I'm just wondering why people use tracked loaders over wheel loaders or skidsteers. A few contractors around have them, but what advantages over other equipment do they have? I saw an older Cat 933(i think) traxcavator at this town DPW yard where they keep materials. Local contractors sometimes have equipment there to load materials for the town. My friend also has an older 933 (i think) traxcavator. Anyone know why people use them or what advantages they have over other machines?


thanks,

Bryan


----------



## WALT (Feb 7, 2001)

Track loaders offer a hell of a lot more traction than wheeled versions and have low ground pressure thus raising the floatability. Although the versitility is not as great as wheeled versions, sometimes jobs require those certain capabilities. That's why also track models are a minority. There is also the fact of operator preferance.
I would say that the DPW keeps theirs at the stockpile yard because they don't use it as ofen on certain jobs. By doing this they can ensure there is a loader there most of the time for loading trucks. Another reason could be that it is much better to stockpile materials with a tracked loader vs. wheeled.
Hope this helps...


----------



## digger242j (Nov 22, 2001)

It's been a long time since the question was asked, but I've only been here since November, and I'm slowly working my way backwards into the posts...
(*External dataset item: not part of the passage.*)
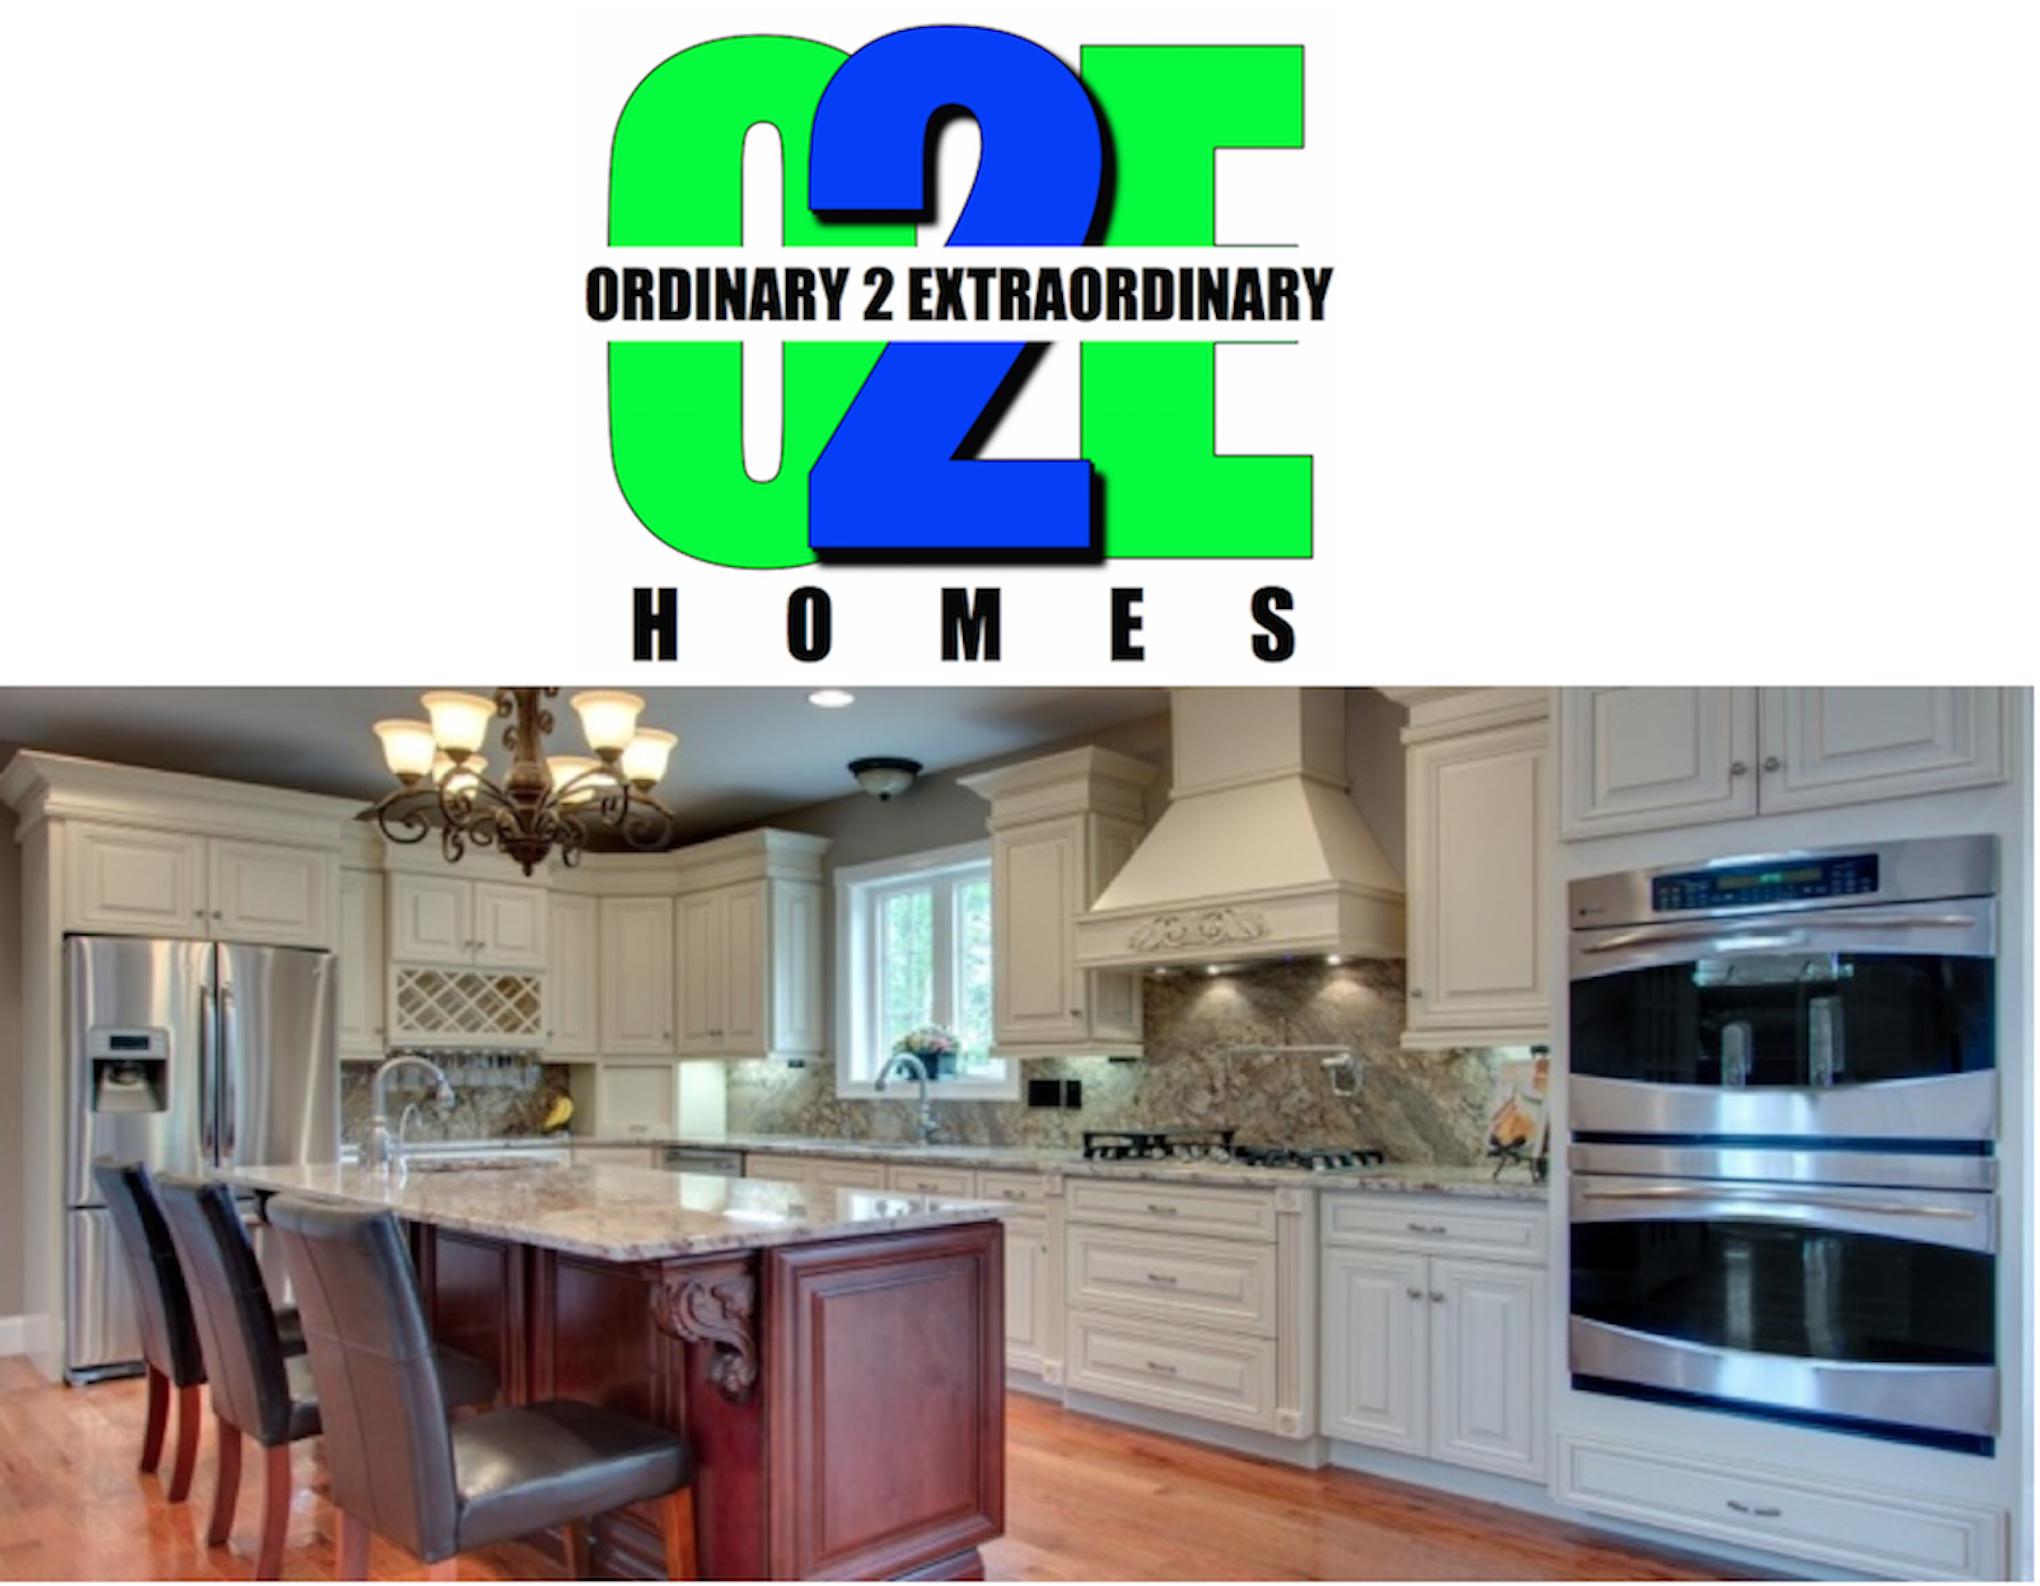 O2e homes kitchen cabinets in ocoee fl 407 487 3 for Cheap kitchen cabinets in orlando fl

Besides the "floatability" factor, a track machine tends to be more stable from front to back. If you've ever tried grading anything with a rubber tired machine you'll find that if you get a little dip, or hump, as soon as the tires reach it and roll over or through it, you create another one, worse than the first. A track machine bridges those dips and humps and stays fairly true to the grade you're running on. Also, the weight of the tracks keeps the center of gravity low, so you can work slopes that you'd never get near with a rubber tired machine. They don't get flat tires from running over pointy stuff either.


----------



## diggerman (May 19, 2001)

I have two track loaders and a rubber tired loader of comparable H.P. and there is no comparision in reguards to traction and mud capability.We also do quite a bit of demolition and the tracks offer the ability to function with out the worry of flats. Also for grading as was stated earlier there is not quite the tendence for the whoopdeedos,level grading is much easier. A track machine on bad soil does not pump the water to the surface and create ruts nearly as bad,as a rubber tired machine and here in Iowa that can be a big problem.We have roughly 3 to six feet of black loamey soil that be comes muck with very little moisture and much of it that is buried is in a purpetual state of muck.In fact there are very few rubber tired scrapers here, most of the big contractors use D8 to D10 with pans. If you would like to see the benefits for yourself I have a crawler loader for sale for just $19,000,in no time you could be digging wholes in your neighbors yard(big ones)


----------